Ticket office closures: deadline imminent

Ely station, where the staff pride themselves on making their own announcements for the trains, rather than relying on an automated system.  20th May, 2014.

A reminder that tomorrow, September 1st, is the deadline for submissions to the consultation on the proposed closure of virtually every ticket office in England.  If any readers feel even a tenth as strongly as I do that this should not happen, I urge you to fill in the consultation here: https://www.transportfocus.org.uk/ticket-office-consultation/.

I wrote about my own objections in this post, but they are put far more eloquently by my Irish friend Maolsheachlann, who comments:

I have delayed reading this post until now because the subject upsets me so much. There’s always an assumption, or at least a hope, in the back of my mind that there will be SOME end to the dehumanization of daily life. Then something like this happens, or is threatened to happen, and makes me think “no worst, there is none”.

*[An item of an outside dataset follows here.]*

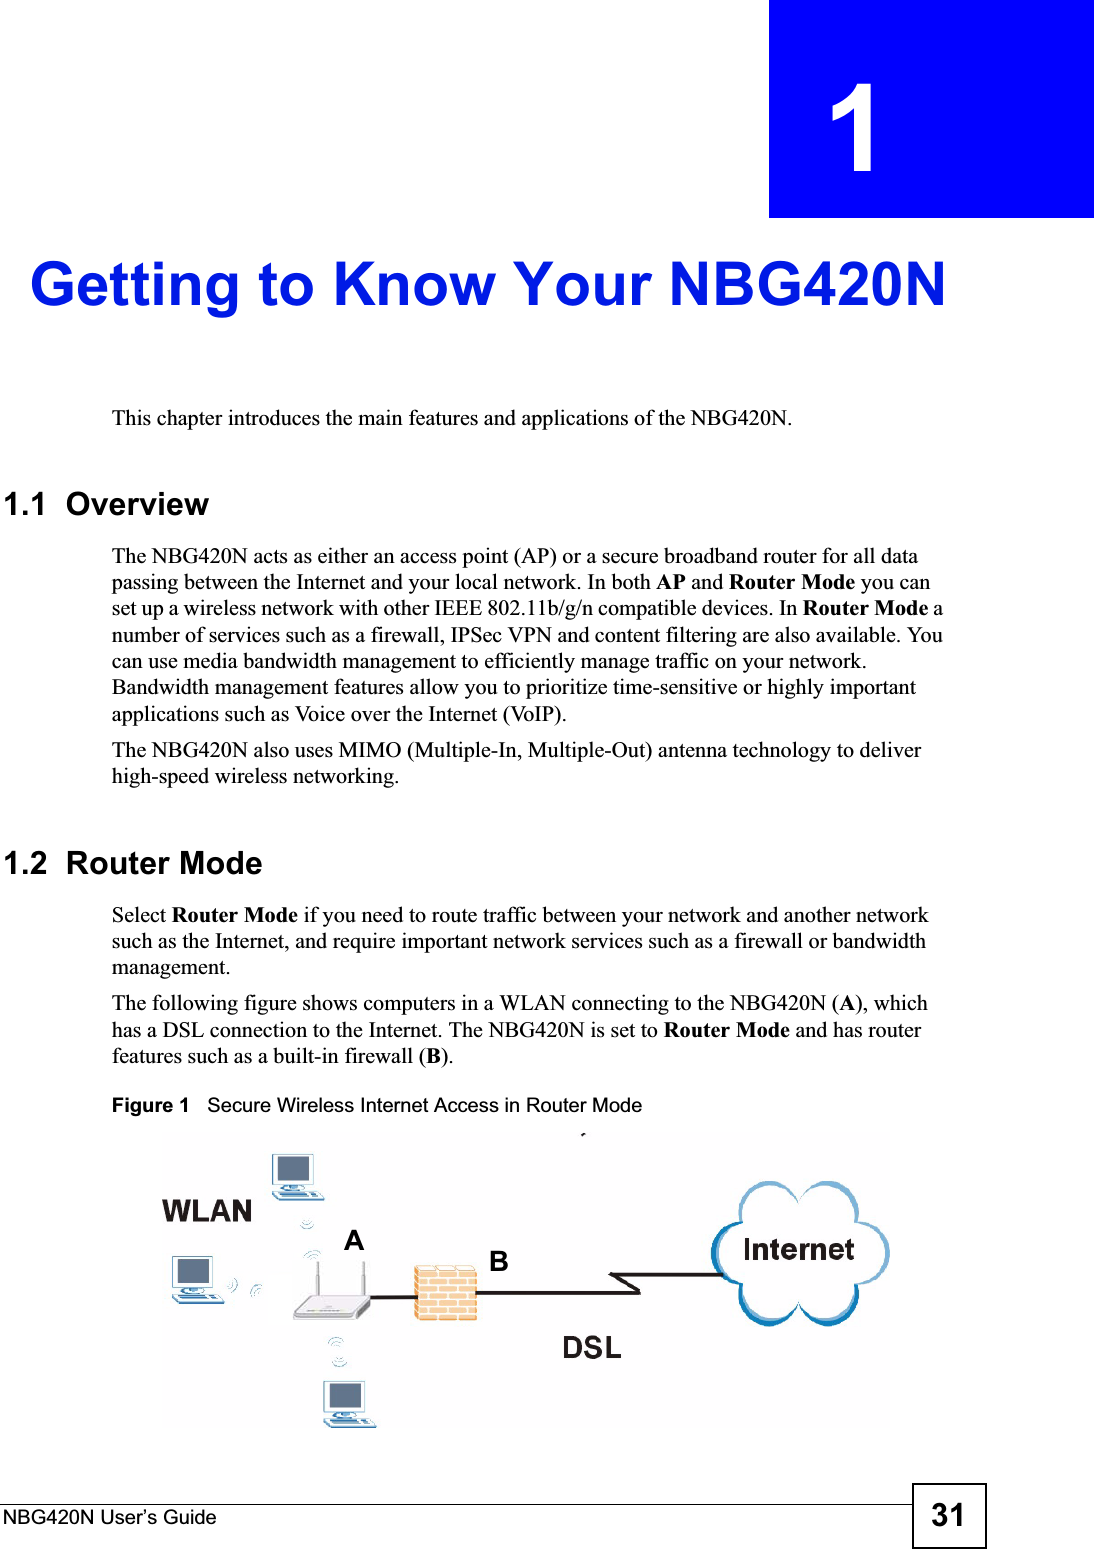 NBG420N User’s Guide 31CHAPTER  1 Getting to Know Your NBG420NThis chapter introduces the main features and applications of the NBG420N.1.1  OverviewThe NBG420N acts as either an access point (AP) or a secure broadband router for all data passing between the Internet and your local network. In both AP and Router Mode you can set up a wireless network with other IEEE 802.11b/g/n compatible devices. In Router Mode a number of services such as a firewall, IPSec VPN and content filtering are also available. You can use media bandwidth management to efficiently manage traffic on your network. Bandwidth management features allow you to prioritize time-sensitive or highly important applications such as Voice over the Internet (VoIP).The NBG420N also uses MIMO (Multiple-In, Multiple-Out) antenna technology to deliver high-speed wireless networking.1.2  Router ModeSelect Router Mode if you need to route traffic between your network and another network such as the Internet, and require important network services such as a firewall or bandwidth management. The following figure shows computers in a WLAN connecting to the NBG420N (A), which has a DSL connection to the Internet. The NBG420N is set to Router Mode and has router features such as a built-in firewall (B).Figure 1   Secure Wireless Internet Access in Router Mode AB

The fact that there is a terrible outcry gives me SOME hope, but it also makes me wonder are the powers that be just behaving strategically, Propose something much worse than they have in mind, and people will feel gratified when it’s modified.

A similar situation occurred in Ireland recently when Allied Irish Banks announced they would be withdrawing cash services from many of their branches. They stepped back from this after a public outcry, but are they always just softening us up?

For once, I strongly agree with the Guardian. Indeed, this is a subject on which right and left can unite.

https://www.independent.ie/irish-news/aib-climbs-down-over-plans-to-remove-cash-services-from-70-branches-due-to-public-unease/41859301.html

I use the various apps to navigate public transport here, and although it’s better to have them than not, I find them extremely stressful and confusing, especially under pressure. A human face with expertise is so much more welcome.

This is happening everywhere. Cinemas are closing box offices and selling tickets at the popcorn stand. Post offices are shutting down. Banks are shunting everybody to the website. In my own university, the library is getting more and more queries for the whole campus because we are one of the few human points of contact.

I hope to God they reconsider and scrap this plan completely. 

He adds,

Once, when I was riding the train through England, I got off at the wrong station for my connecting journey. I remember feeling very panicked and upset, because I didn’t have much money and I couldn’t afford to buy another ticket. The station master was a big fat man with a red face and a gentle voice. He reassured me and printed me off a ticket for another train.

It was actually a lovely moment. The station was very quiet, it was just me and the station master. It was a warm summer’s day. If all I’d been left with was a smartphone, I would have been clean out of luck. And we all know that these other staff supposedly patrolling the station floor are only a bait; they will be gone very soon, if they materialize at all, and the process will be fully automated.